青銅の時代。人間同士で諍いが起こるようになる。彼らは縄張りを作り、それが村になり都市になり、そして国になる。神々は自分を崇める国を支援し、人間の戦いに介入した。
鉄の時代。ここまでくると現代に近い。描かれているのは戦いばかりだ。鎖帷子を着た男たちが画面を埋め尽くしていて、血みどろの争いを繰り広げている。胸を槍で突かれ落馬する騎士。折り重なった死体。荒れ果てた戦場。
「私はこの時代の絵が一番好きだ」
絵画の説明を終えたエーザーが呟く。俺は彼の隣に立ち、後ろに手を組んだ。
「戦争が好きなのか?」
「どうだろうな。

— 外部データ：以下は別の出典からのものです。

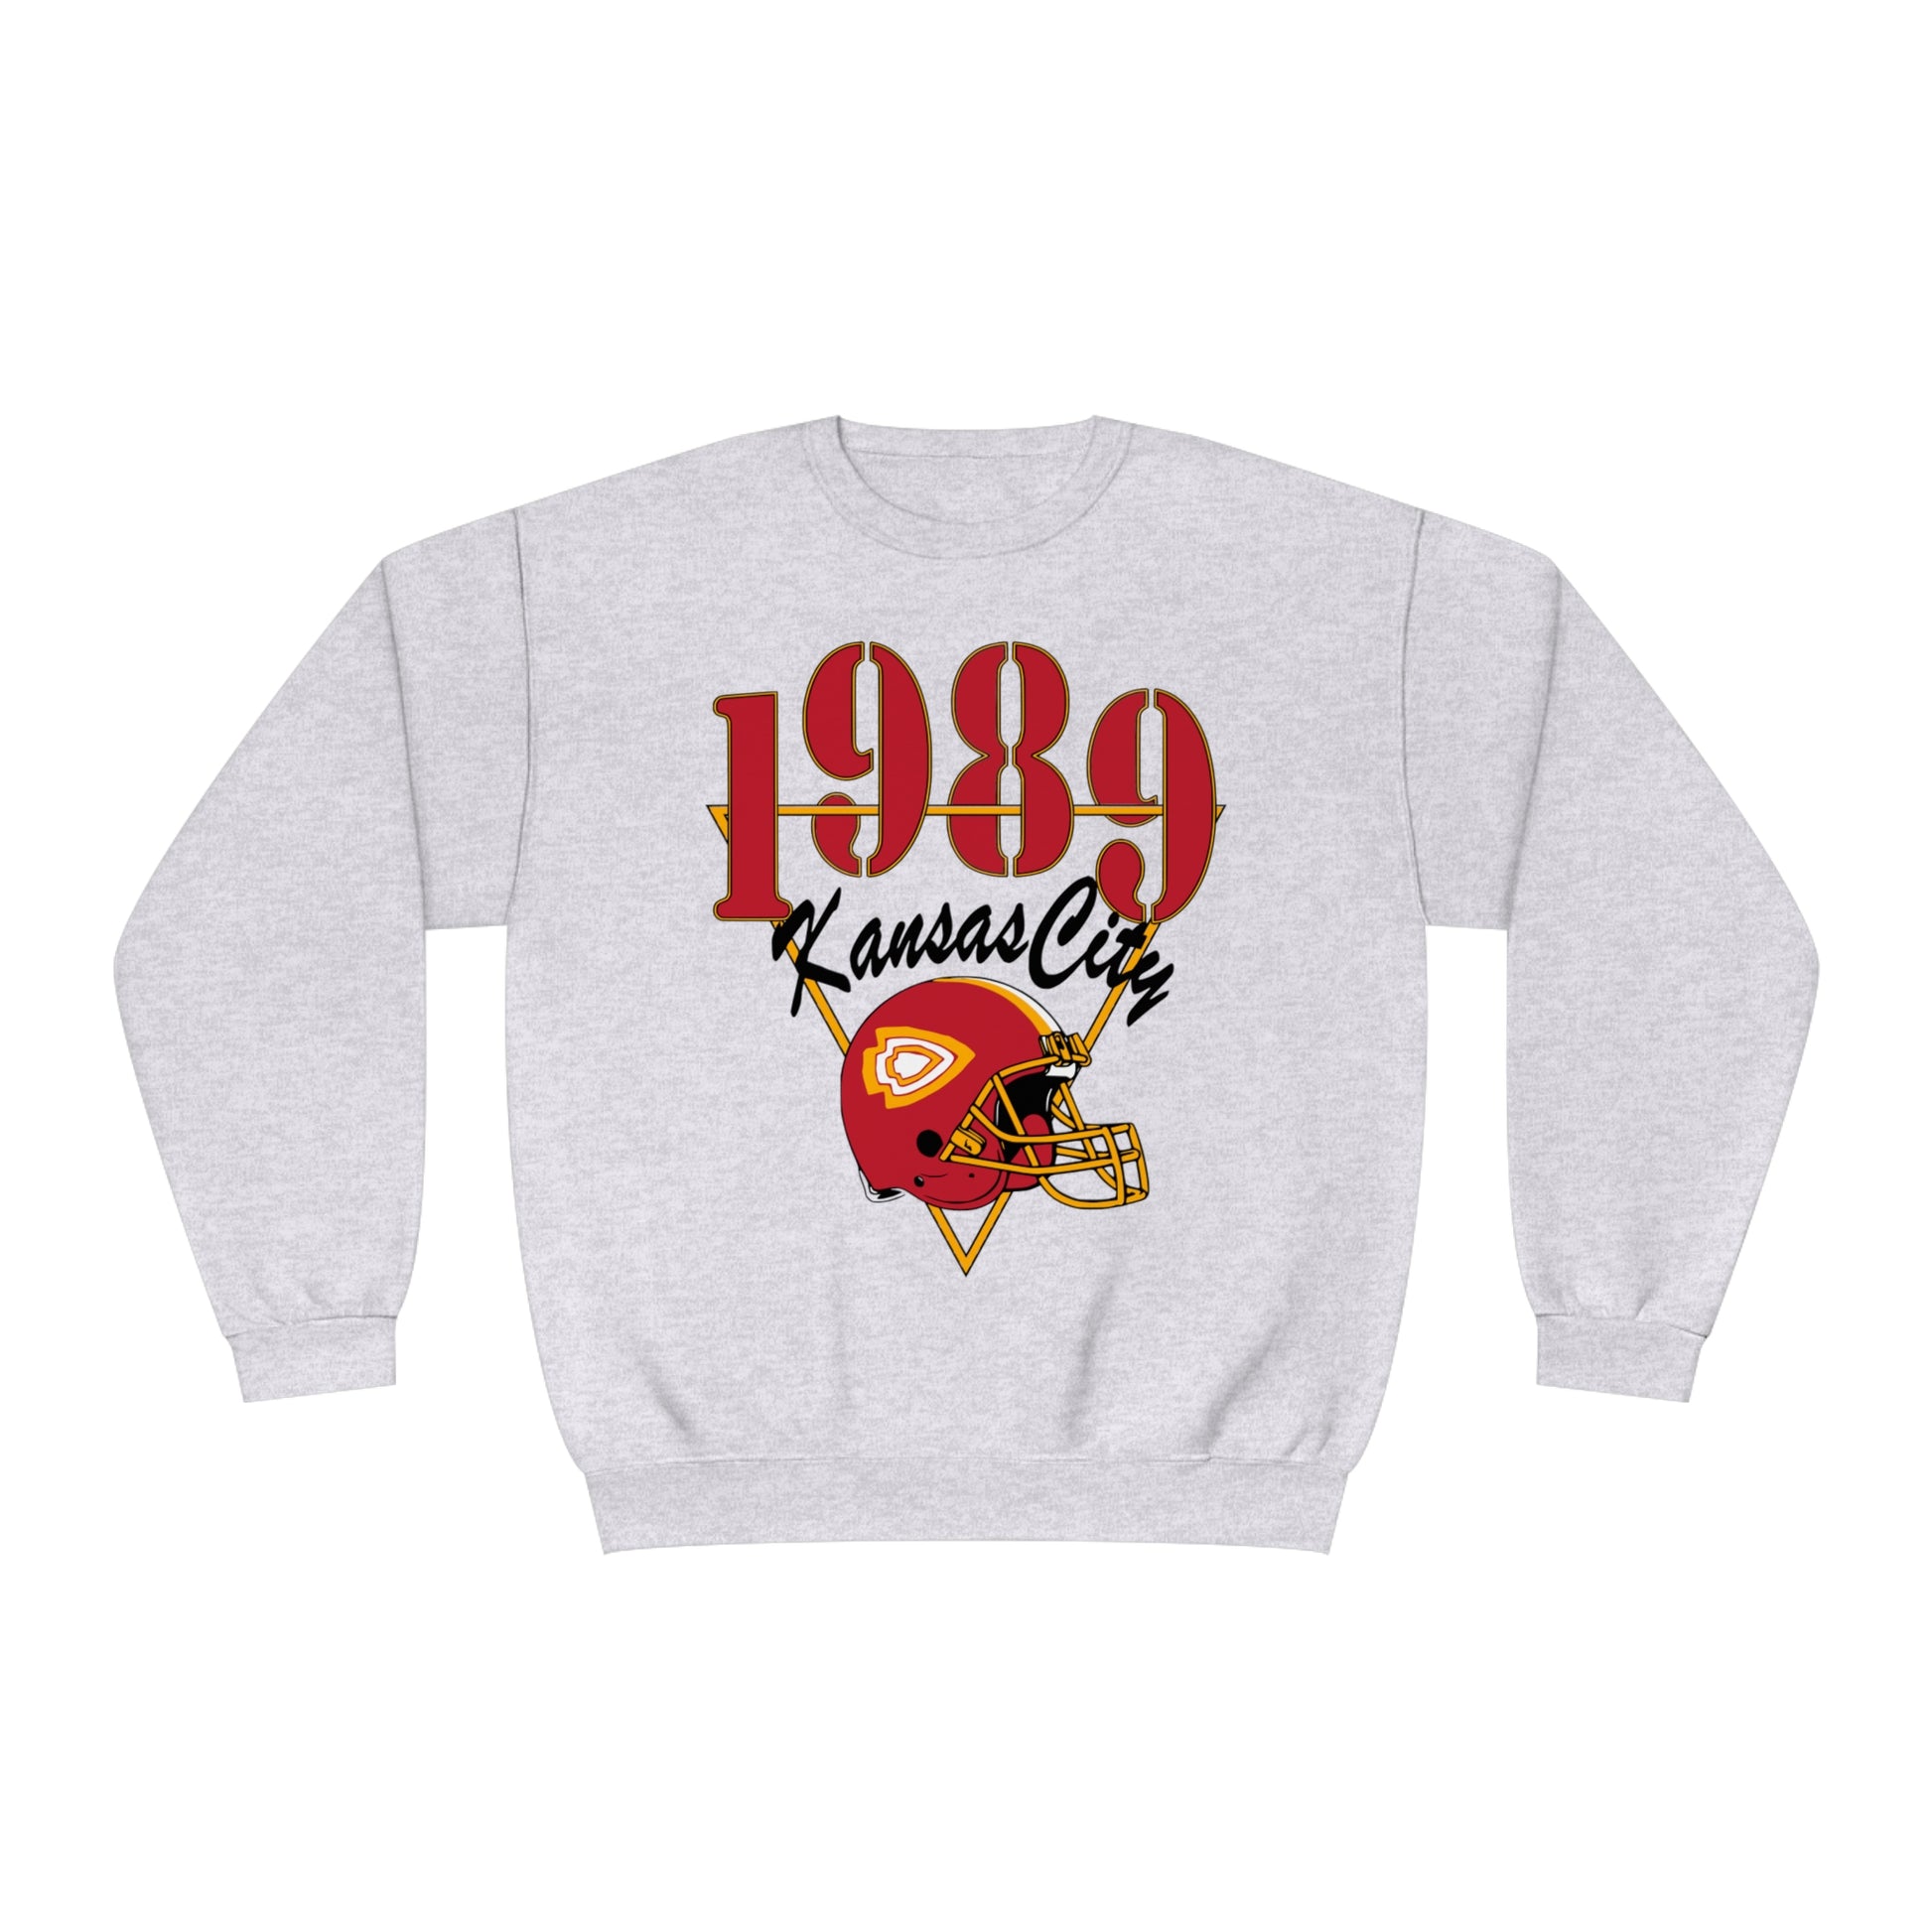 1989 Kansas City Chiefs Football Crewneck Sweatshirt - Vintage Retro Arrowhead Style - 1989 Version Chiefs Taylor Swift Ash Gray
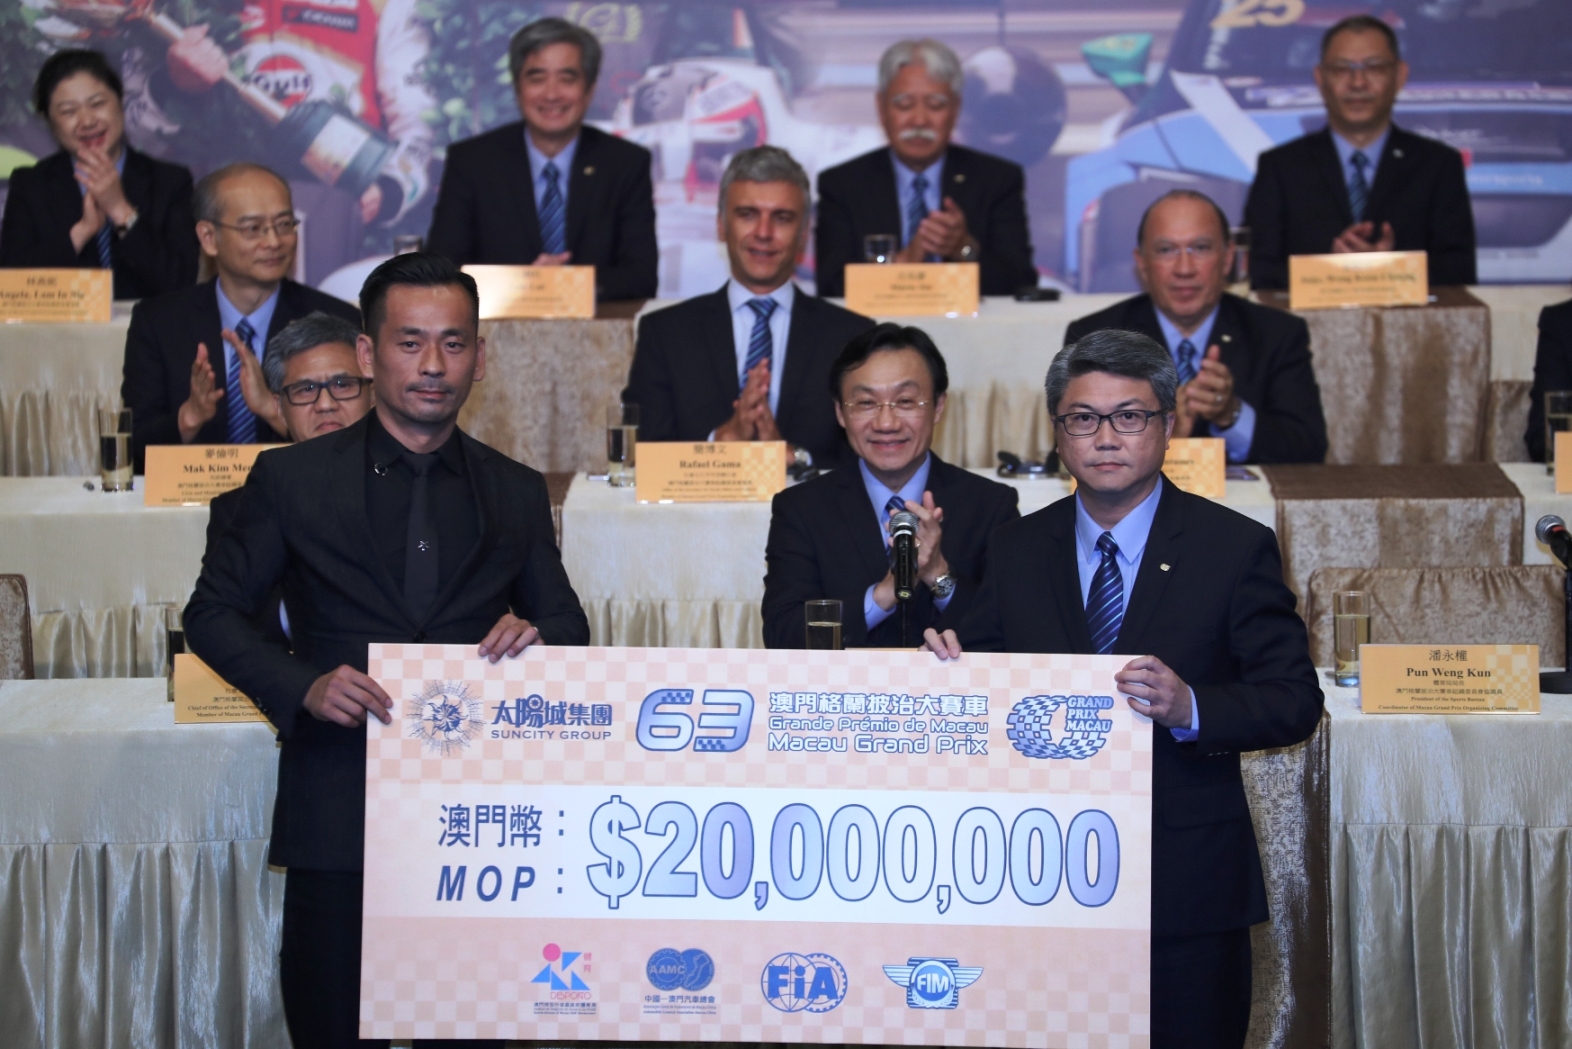 2016 Macau Grand Prix to cost MOP 200 million

……確かにそうなのかもしれない。戦と聞くと心沸き立つものがある。男なら誰しもがそうだろう?戦って相手を打ち負かす。それに勝る快感は無いのだと……」
エーザーはちらりと絵画から視線を外す。その目線の先にはヴェローナがいた。彼女は回廊の突き当りにあたる壁面に描かれた、巨大な絵画をじっと見つめていた。
「彼女は美しい」
「え?」
「君に会えたことも嬉しいが、何よりも私は彼女に会いたかった」
エーザーは俺の肩を叩き、ゆっくりとヴェローナに近づく。
ヴェローナはエーザーに気づくと軽く会釈をした。
「お気に召しましたか」
「いえ、その、この絵は?」
中央に描かれた黒い閃光。その周りでは人々や神々たちが慌て恐れおののいている。世界は暗い雲に覆われ、木々は枯れ、建物は廃墟と化している。
「世界の終焉。『創造主』が堕落した人間と神々を掃滅させるのです」
「それで、その先は?」
エーザーはヴェローナを見下ろし、ほほ笑む。